Here is another significant point in regard to the operation of poison on both an animal and a metal. In the case of an animal the operation is twofold; first, the actual death process, lasting from a few minutes to several hours; secondly, the purely nervous effect which manifests itself in the form of spasms, paralysis or other symptoms, and which is developed much sooner, sometimes instantaneously. Prof. Bose has discovered the same phenomenon in metal. Under the effect of some powerful poisons there was instantaneous spasm shooting through the metal long before the corrosive action of the acid could penetrate beyond the surface.

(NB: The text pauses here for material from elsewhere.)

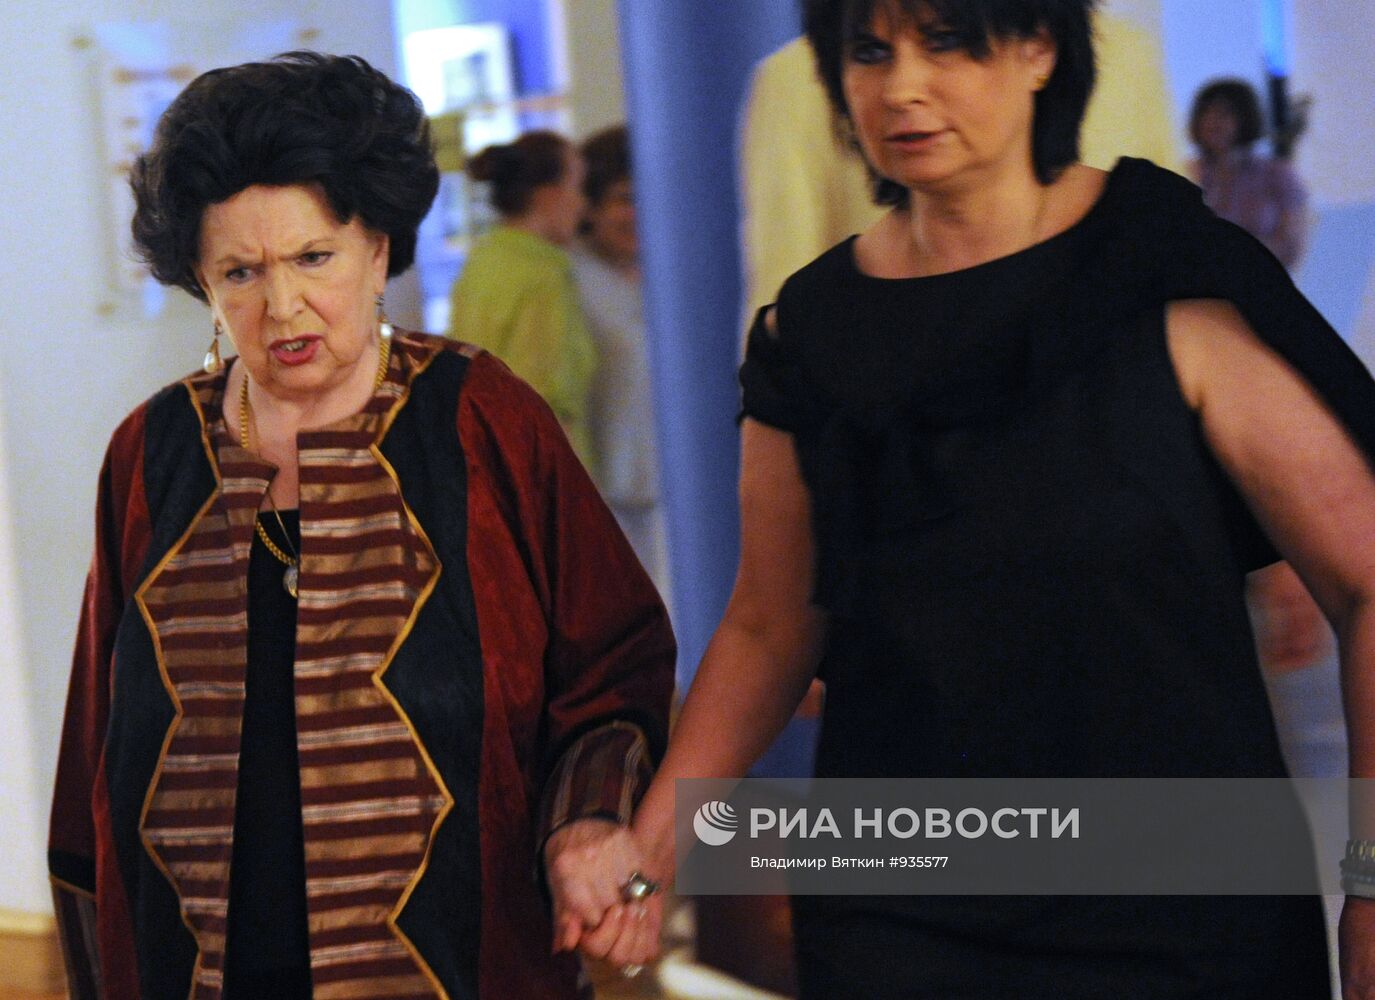 Галина Вишневская и ее дочь Ольга Ростропович
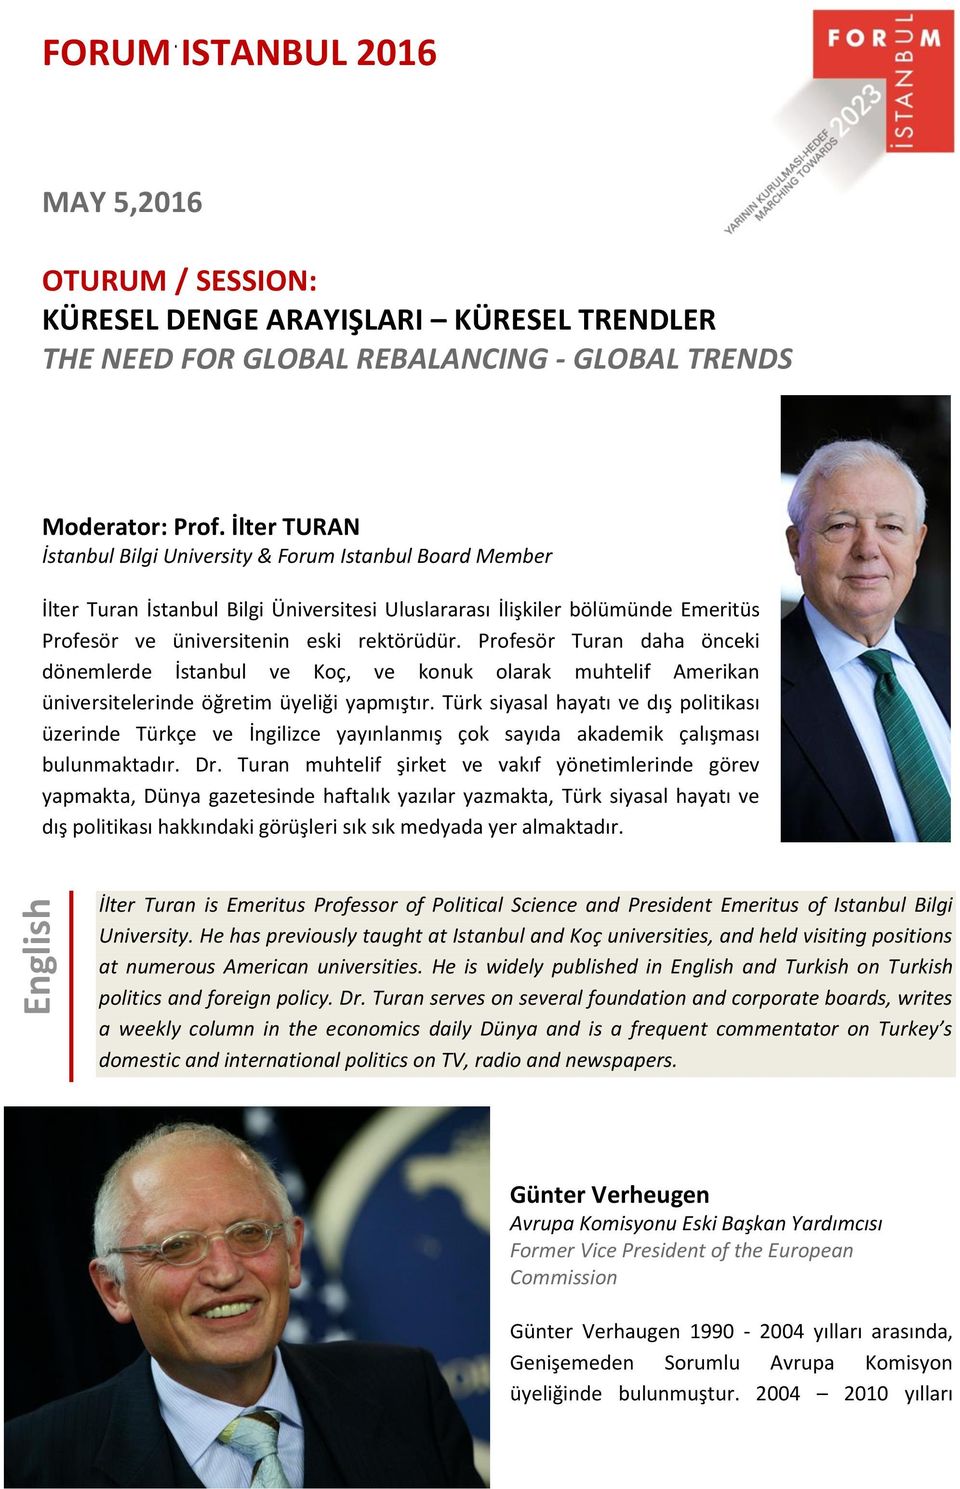 Profesör Turan daha önceki dönemlerde İstanbul ve Koç, ve konuk olarak muhtelif Amerikan üniversitelerinde öğretim üyeliği yapmıştır.

Professor Bose has proved in his book that all these phenomena with every single variation exist as much in the vegetable kingdom as in the animal and mineral. Indeed, the three kingdoms of matter, the animal, the vegetable and the mineral, are, says the Professor, but one in essence and the physiological distinction between so-called organic and inorganic matter, of which man and metal are but types, is based upon a false and unscientific assumption. Prof. Bose dedicates his book to his countrymen, the Hindoos, because, he says, his discovery is a discovery made millions of years ago by the Hindoo sages, who proclaimed the unity of the universe in essence and construction, as well as in the laws that govern it.